## About this task
Give an unaltered copy of the listing below, minus its pictures.

## Input data
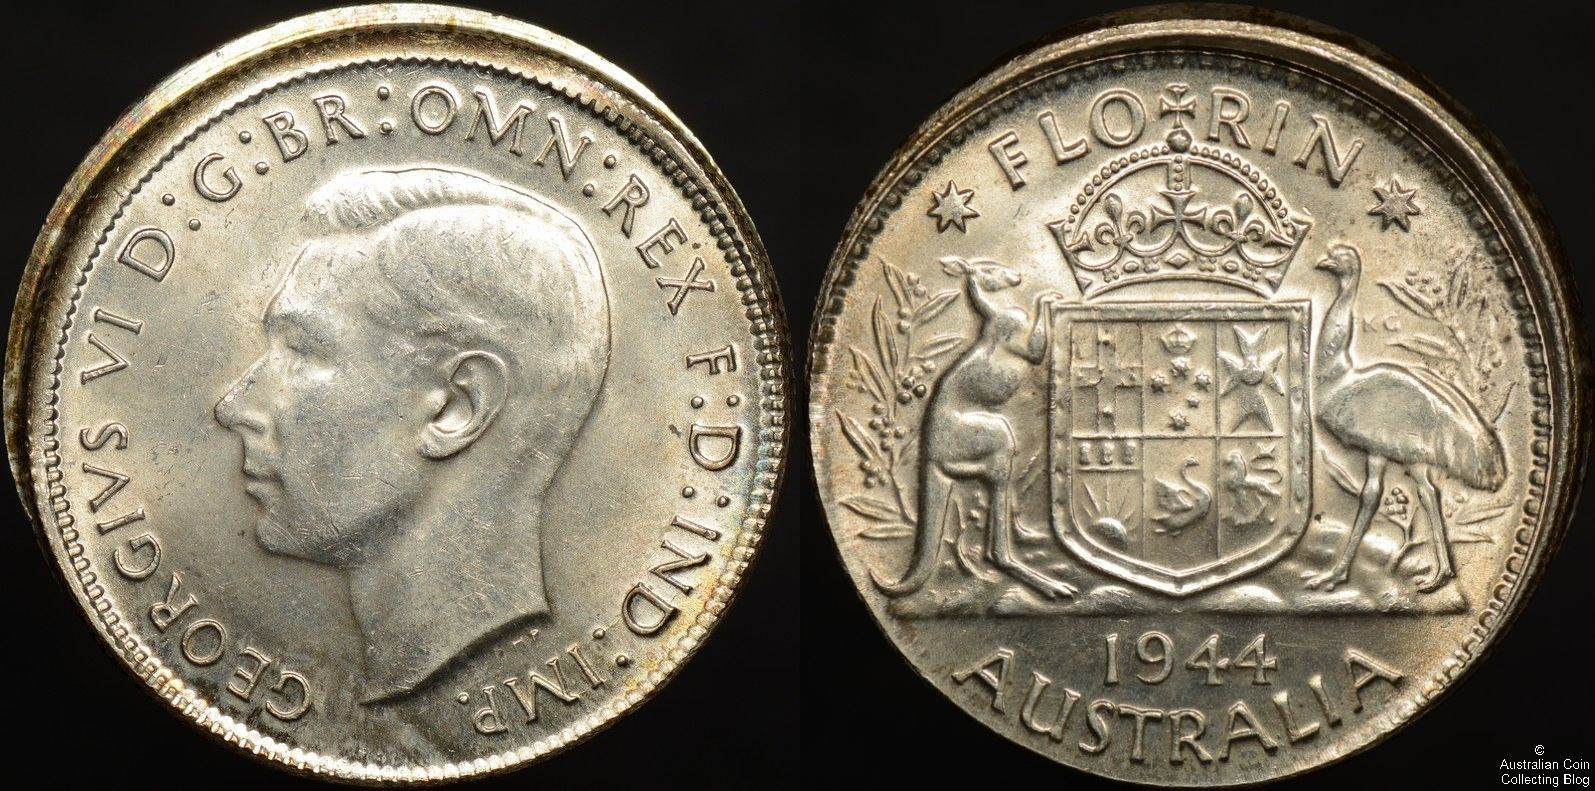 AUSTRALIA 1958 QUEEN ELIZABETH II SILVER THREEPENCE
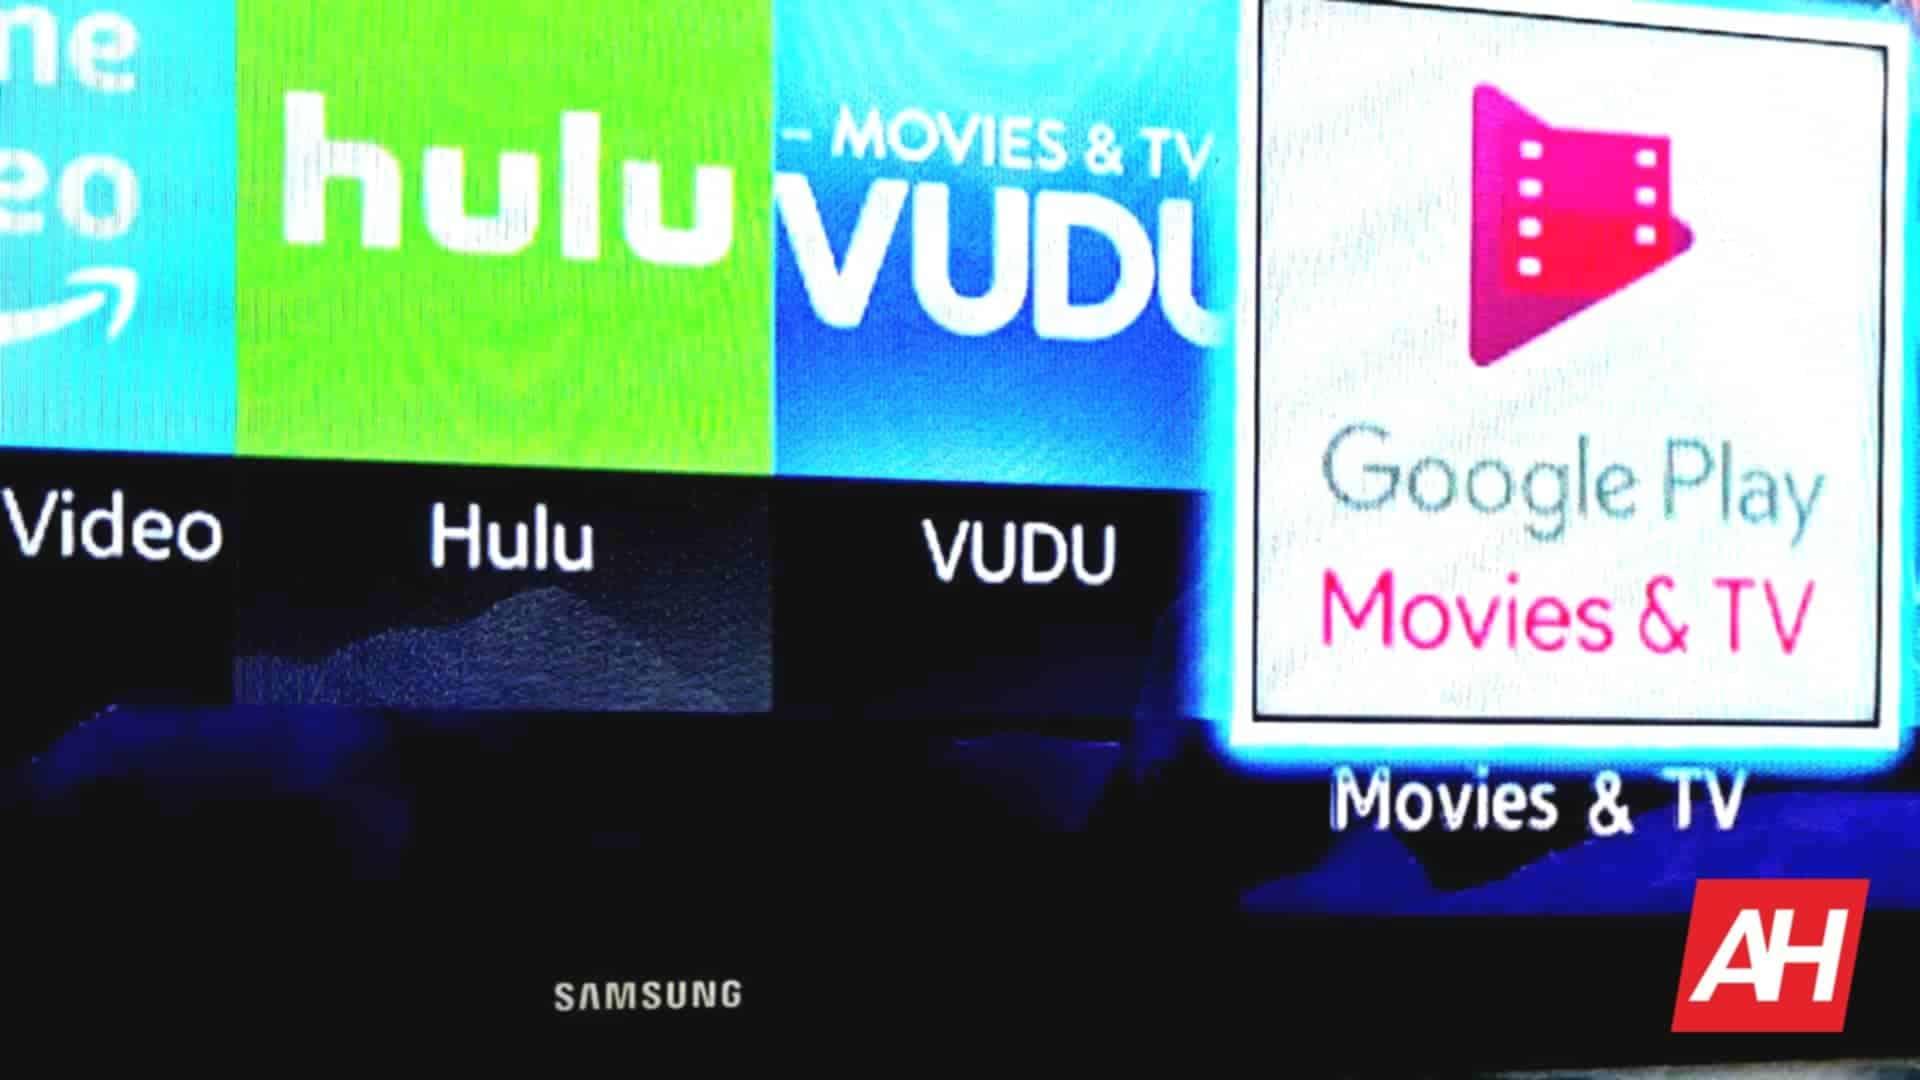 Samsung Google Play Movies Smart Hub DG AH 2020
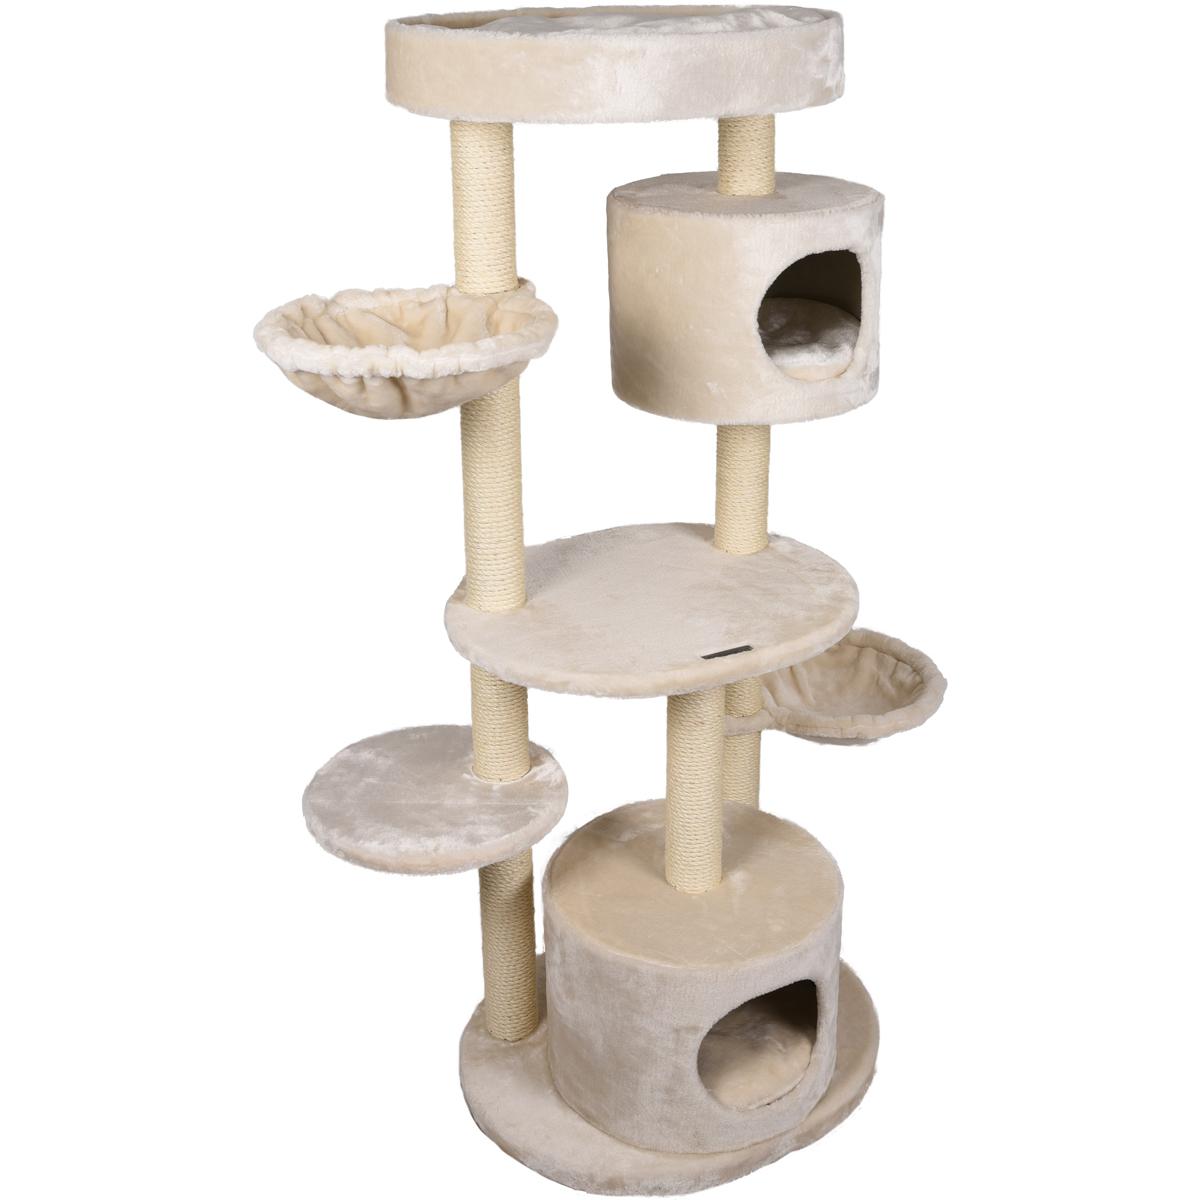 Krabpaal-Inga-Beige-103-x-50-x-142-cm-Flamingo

## Solution to this problem
 AUSTRALIA 1958 QUEEN ELIZABETH II SILVER THREEPENCE
 Samsung Google Play Movies Smart Hub DG AH 2020
 Krabpaal-Inga-Beige-103-x-50-x-142-cm-Flamingo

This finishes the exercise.